Here too, the subject for me is not just "bindings." The subject is how to distribute the language processor as a shared resource.

From One Compiler to Many Consumers

With a traditional CLI, the relationship between compiler and consumer tends to be one-to-one.

tsc command
  -> compiler
  -> diagnostics

But the actual shape of editors and toolchains is closer to many-to-one.

editor hover
editor completion
lint rule
code action
AI agent
test runner
build watcher
  -> shared language-processing state

Of course, this does not mean everything should be truly concentrated into one process.

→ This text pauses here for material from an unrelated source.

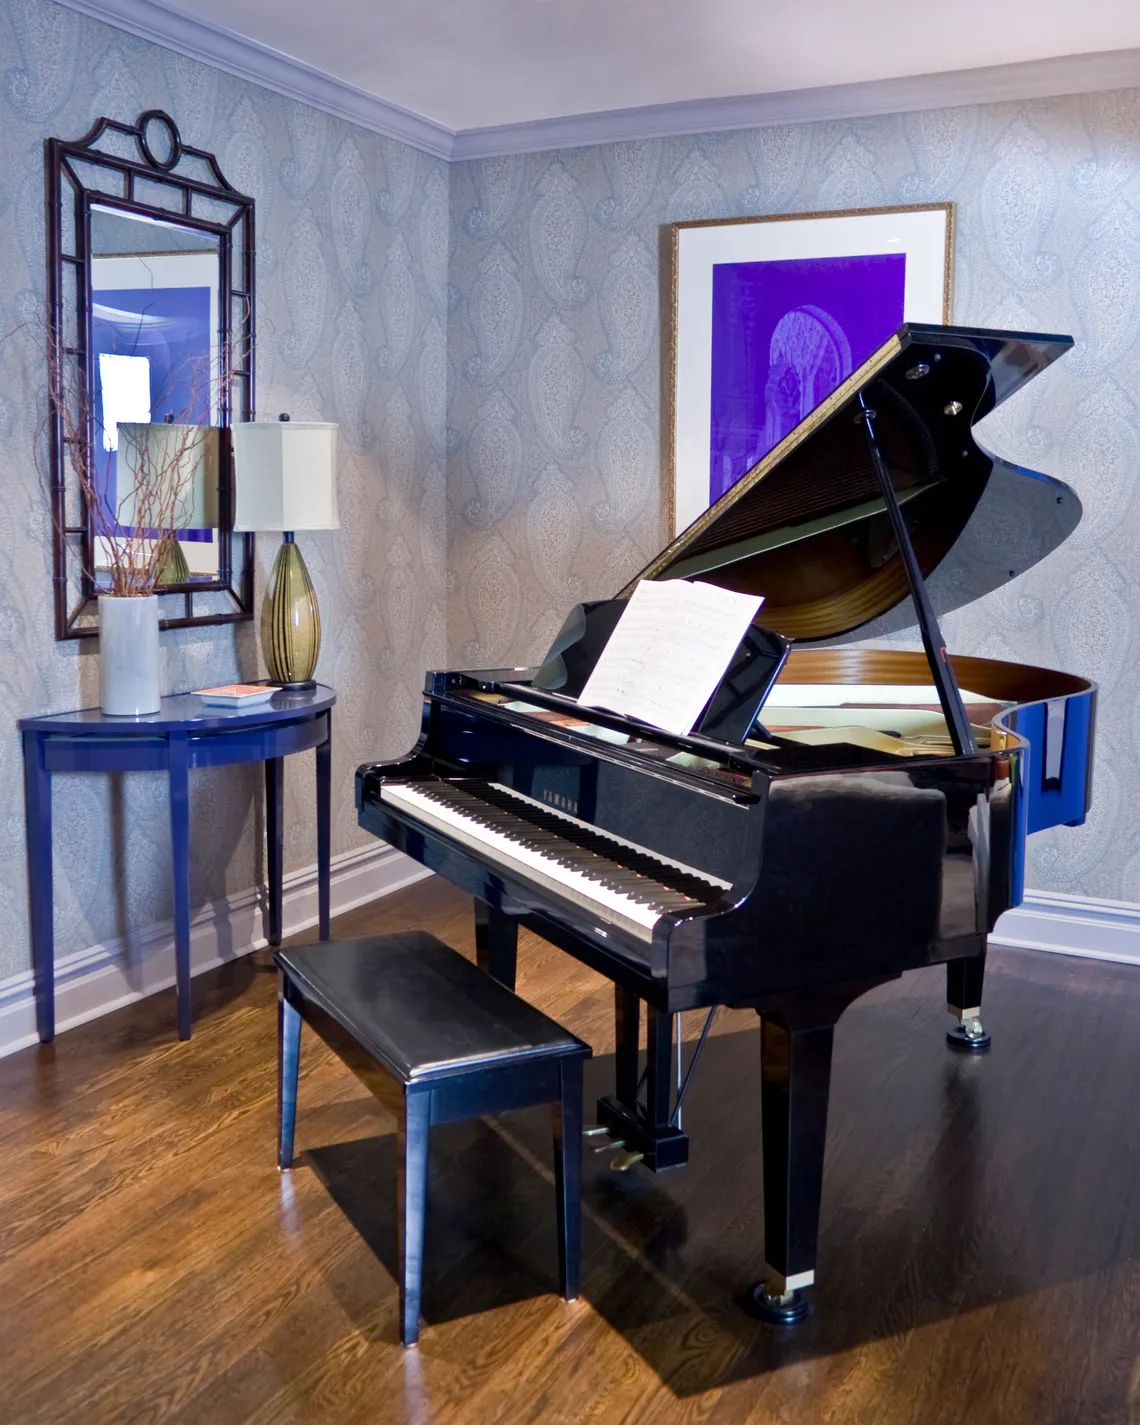 A Colorful Brooklyn Apartment, Designed Around a Baby Grand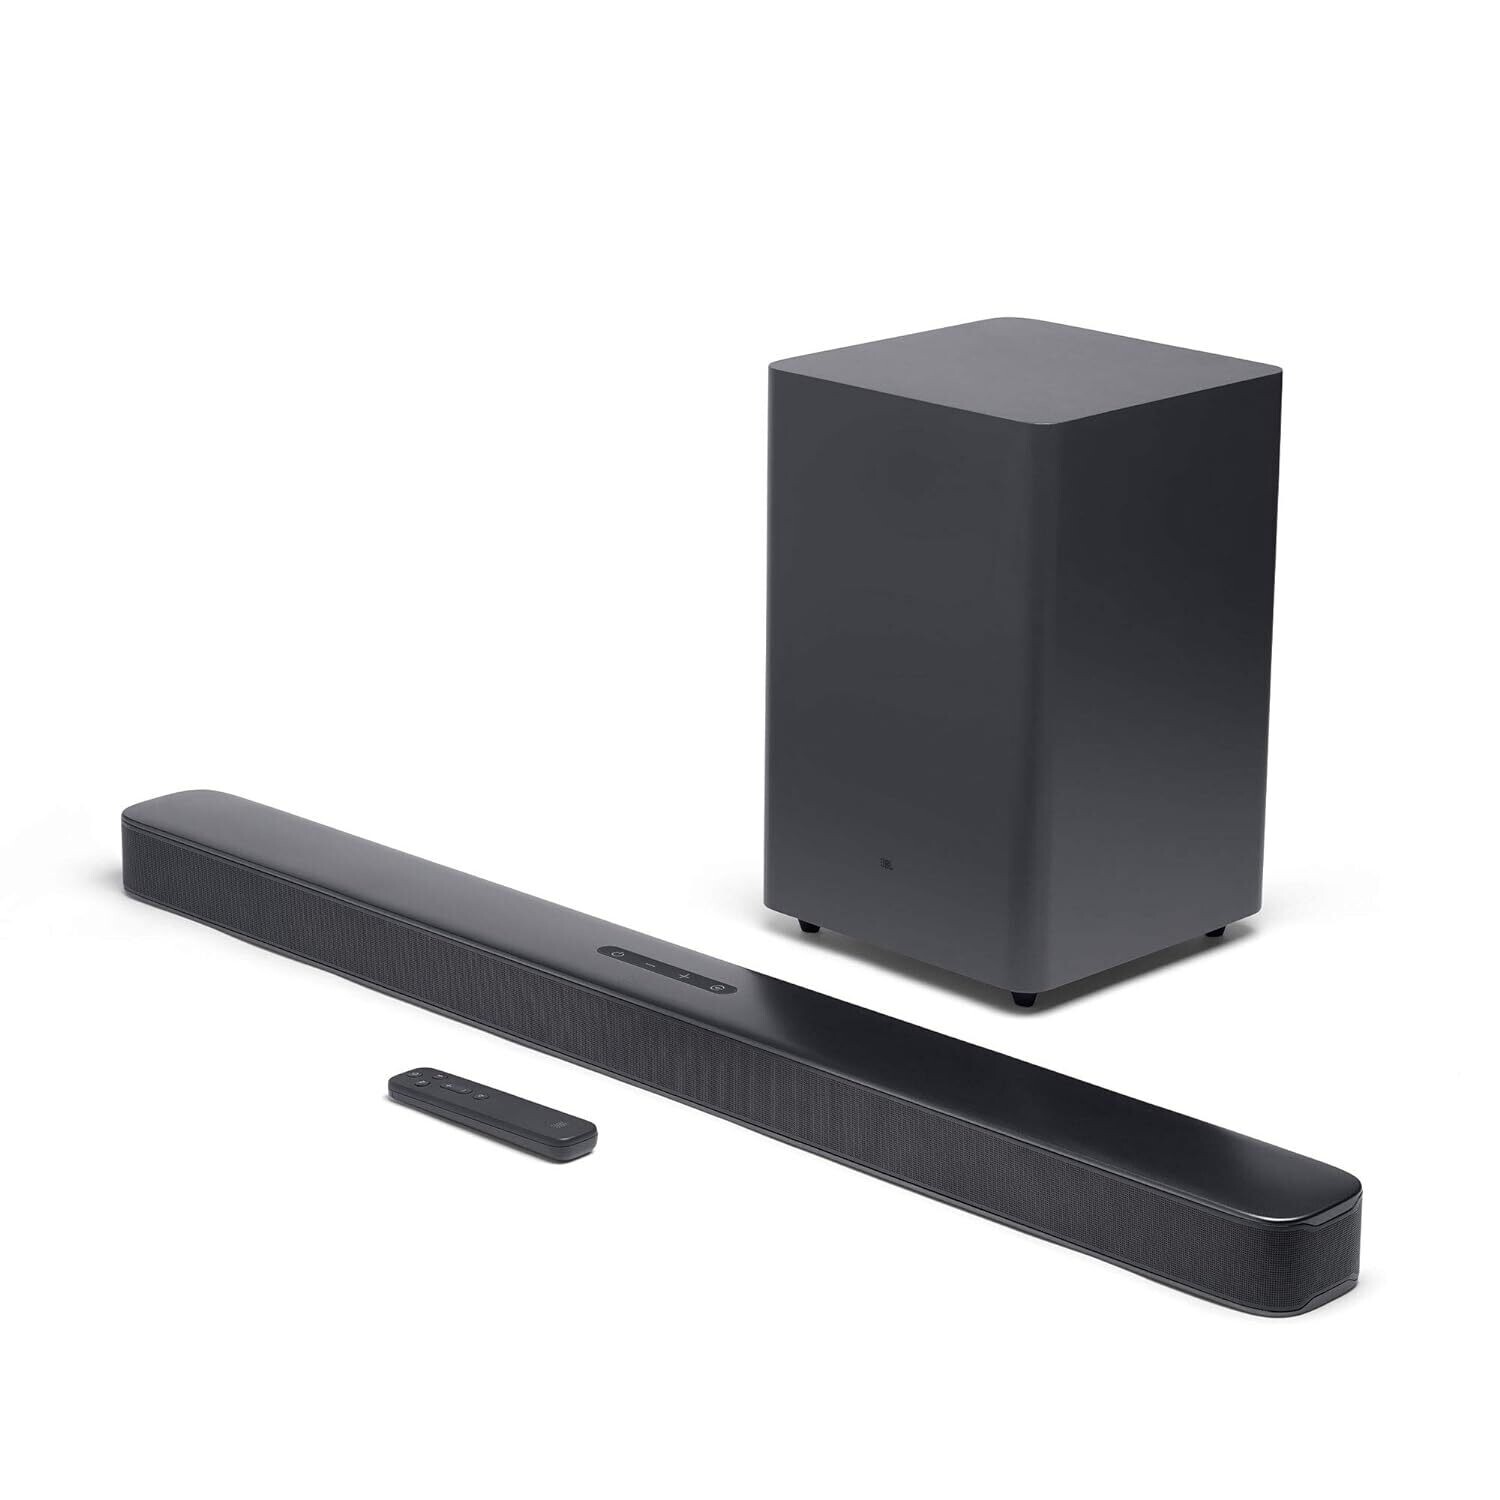 JBL Bar 2.1 Deep Bass, Dolby Digital Soundbar with Wireless Subwoofer for Extra Deep Bass, 2.1 Channel Home Theatre with Remote, Surround Sound, HDMI ARC, Bluetooth & Optical Connectivity (300W)

Fault isolation matters, and it may be better to separate workers depending on the nature of the query. Whether read-heavy type queries and workflows that aggressively rewrite virtual documents should live in the same session is a question to treat carefully.

That is exactly why an orchestrator is needed.

An orchestrator is not a wrapper that hides the compiler. It is a control plane for arranging multiple consumers around the compiler.

"Control plane" may sound a little grand, but the work is similar. Which profile should create a worker? Which worker is warm? Which snapshot is still usable? Which request is stuck? Which transport fits this workflow? Which failures should be retried, and which should be returned to the caller?

These decisions live in a layer separate from the compiler engine itself.

Language Processors Will Stay Resident

I think language processors will increasingly be treated as resident processes.

The reason is simple: developer experience is moving from batch toward conversation.

It is not only that a human saves a file and the project is checked once. The editor offers suggestions while text is being entered. The linter runs rules while looking at the AST and types. An AI agent asks small questions like "what is the type of this node?", "where does this symbol come from?", and "did this fix remove the diagnostic?" Frameworks generate virtual files and map them back to the source files.

In that world, a language processor is less a command you start every time and more a service that keeps receiving questions.

And if it becomes a service, it needs orchestration. It needs worker pools, caches, snapshots, backpressure, timeouts, observability, graceful shutdown, version pinning, and compatibility policy.

I am building that layer in corsa-bind through the concrete target of tsgo.

A language processor does not end at the parser and checker. Keeping it alive, sharing it, folding it down when it breaks, and handing it to author experiences in other languages are all part of the future of language tooling.

Conclusion

tsgo is a faster tsc. But stopping there would be a little wasteful.

Seen through its stdio API, tsgo is also a stateful language processor server. And what I am building in corsa-bind is an orchestration layer for using that server from Rust, Node, and multiple native bindings.

The important point for me is not to forcefully absorb the compiler engine itself. Respect upstream tsgo, do not fork it, do not patch it, and instead reuse sessions, manage snapshots, choose transports, and coordinate workers from the outside.

This is close to the way we think about distributed servers. There are processes, messages, handles to remote state, lifetimes, failures, observations, and cleanup.

Do not only call the language processor as a library. Operate it as a service.

That is the language processor orchestration I am trying to build in corsa-bind.